Pada zaman penjajahan Jepang susunan pemerintahan tidak berubah, akan tetapi
sebutan untuk jabatan pemerintahan diubah kedalam bahasa Jepang. Selanjutnya pada
zaman Proklamasi Kemerdekaan Republik Indonesia, 17 Agustus 1945, perubahan juga
tidak ada, Sulewetang waktu itu Andi Kasim diangkat menjadi Kepala Pemerintah Negeri
Republik Indonesia di Daerah Kolaka.
Setelah itu terjadi pertempuran yang hebat antara rakyat (PKR) dengan NICA, NICA
menduduki Kota Kolaka pada tanggal 7 Februari 1946. Selanjutnya NICA membentuk
pemerintahan dengan susunan sebagai berikut : (1) Bokeo, (2) Kapita, (3) Pabitara, dan (4)
Sapati. Adat kampung mulai dikembalikan seperti semula, tetapi tidak berkembang dengan
pesat. Pada zaman Negara Indonesia Timur daerah ini menjadi Neo Swapraja. Keuangan
Swapraja Kendari dan Kolaka disatukan menjadi Kas Konawe. Oleh sebab itu Distrik
Patampanua memisahkan diri dari Kolaka dan tetap pada status afdeeling Luwu pada tahun
1947 sampai keluarnya UU No. 29/1959. Dengan demikian Daerah Kolaka hanya terdiri dari
dua distrik, yaitu Distrik Kolaka (ibukotanya Kolaka) dan Distrik Solewatu (Ibukotanya
Mowewe).

Masa Kemerdekaan Republik Indonesia

Pada tanggal 30 April 1950 Pemuda Republik Indonesia (PRI) Kolaka (yang dibentuk
pada tanggal 17 September 1945) mengadakan rapat dan salah satu keputusannya adalah
bahwa semua Negara bagian yang ada di seluruh Indonesia segera melebur dan masuk ke
Republik Indonesia.

Selanjutnya beberapa organisasi politik yang ada di Kolaka membuat pernyataan,


menuntut agar Daerah Kolaka yang berstatus Kewedanan menjadi kabupaten ( Kabupaten
Kolaka). Perjuangan ini berlangsung sejak tahun 1950, namun terwujud pada tahun 1960.
Perjuangan pertama menuntut agar Kabupaten Sulawesi Tenggara dipecah dua, menjadi
Kabupaten Buton/Muna, dan Kabupaten Kendari/Kolaka. Dengan adanya perkembangan
baru, yaitu lahirnya ide dari Pemerintah Provinsi Sulawesi untuk menjadikan setiap
kewedanan menjadi kabupaten, maka Kolaka menuntut menjadi kabupaten sendiri dan
terwujud pada tahun 1960, berdasarkan UU No. 29/1959. Berdasarkan Undang- Undang
tersebut istilah distrik ditiadakan. Daerah Kolaka dibagi atas tiga kecamatan, yaitu :
Kecamatan Kolaka (ibukota Wundulako), Kecamatan Tirawuta (ibukota Rate-Rate) dan
Kecamatan Batu Putih (ibukota Wawo). Wilayah administrasi pemerintah Kabupaten Kolaka
pada tahun 1999 terdiri dari 10 wilayah kecamatan, 173 desa dan 39 kelurahan.

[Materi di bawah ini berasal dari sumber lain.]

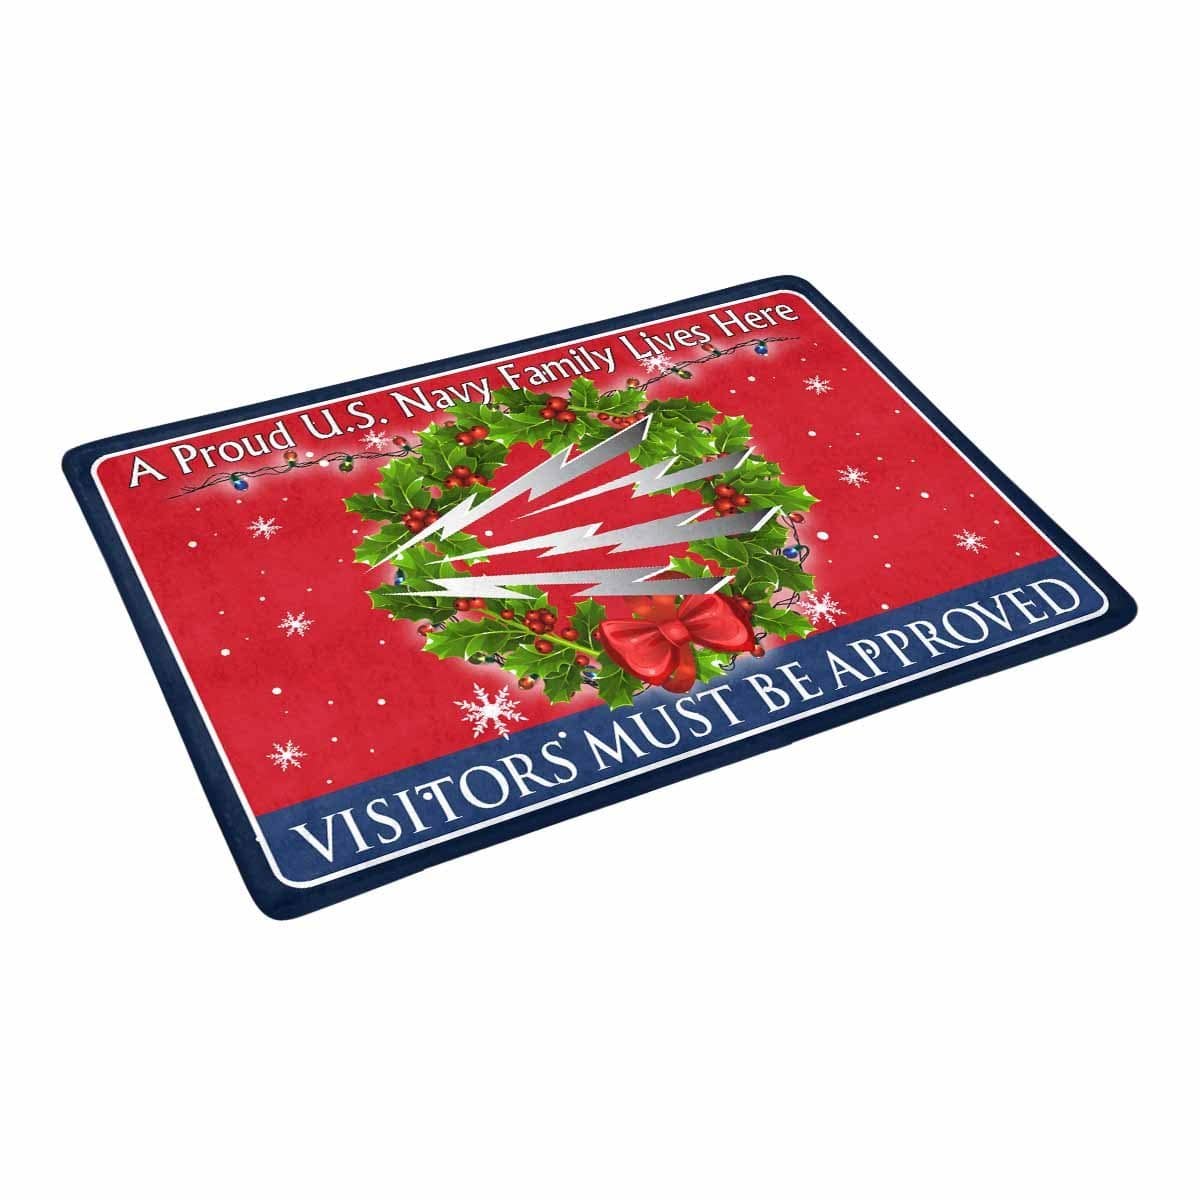 U.S Navy Radioman Navy RM - Visitors must be approved - Christmas Doormat-Doormat-Navy-Rate-Veterans Nation

Daerah ini
juga dibagi atas dua wilayah kerja pembantu Bupati, yaitu:

a. Pembantu Bupati Wilayah Kolaka Bagian Selatan dan Timur berkedudukan di


Anaiwoi
b. wilayah kerja meliputi : Kecamatan Tirawuta, Ladongi, Mowewe, Wundulako,
Pomalaa, Watubangga dan Kolaka
c. Pembantu Bupati Wilayah Kolaka Utara dan Barat yang berkedudukan di Mala-Mala
dengan wilayah kerja meliputi Kecamatan Wolo, Lasusua, dan Pakue.